Through the continuous development and merger and acquisition integration of innovative therapies, Qiming Medical has established a series of new product pipelines in the developed markets of Europe and the United States. In December 2021, the company announced the acquisition of Cardiovalve, an Israeli innovation company focused on innovative therapies for mitral and tricuspid recoil, and completed the acquisition in January 2022. Cardiovalve is the only FDA-approved therapeutic device that can be used for both mitral and tricuspid regurgitation, and has obtained breakthrough certification in the United States. The product is expected to be clinically studied in China this year, bringing innovative solutions to local patients.
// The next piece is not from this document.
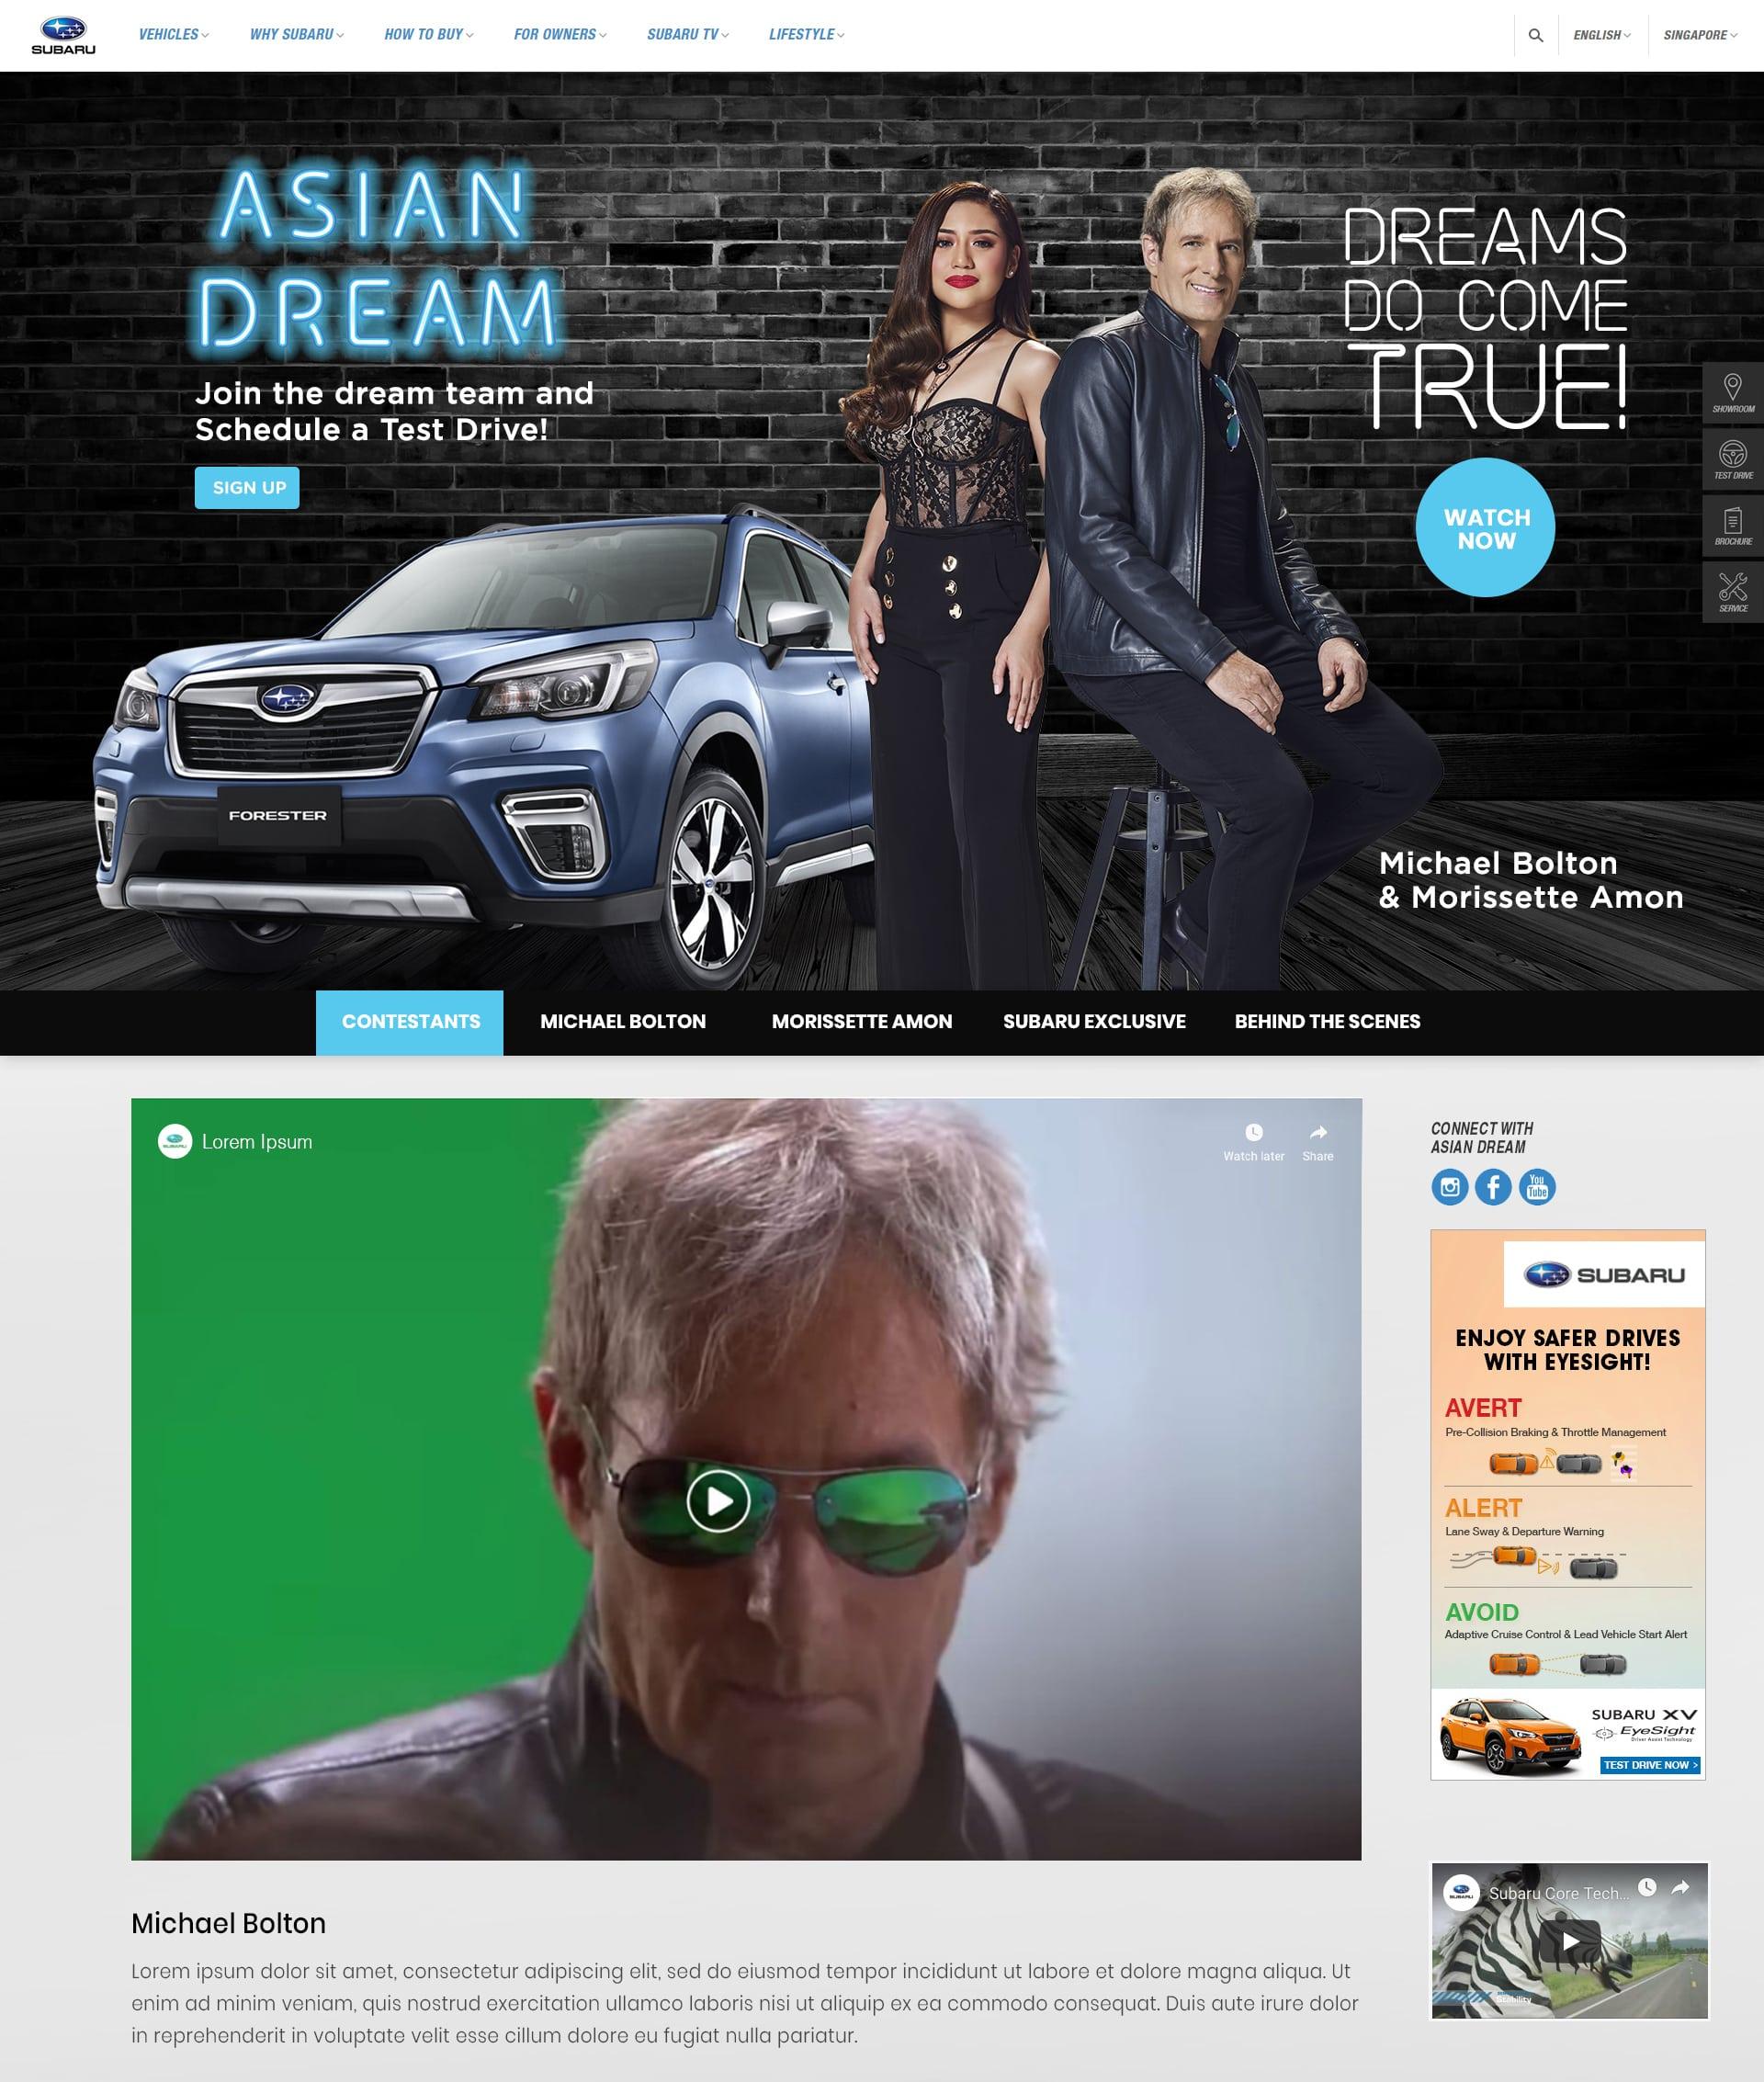 asian dream website mockup

In addition, the company has a number of international innovative products that entered the clinical stage last year, including the Liwen RF™ ablation system for the treatment of hypertrophic cardiomyopathy, venus-powerX and Venus-Vitae, a new generation of TAVR products for the treatment of aortic stenosis, and the renal artery sympathetic ablation system for the treatment of refractory hypertension. In 2022, the company will continue to promote the clinical research of the above products in China and developed countries in Europe and the United States.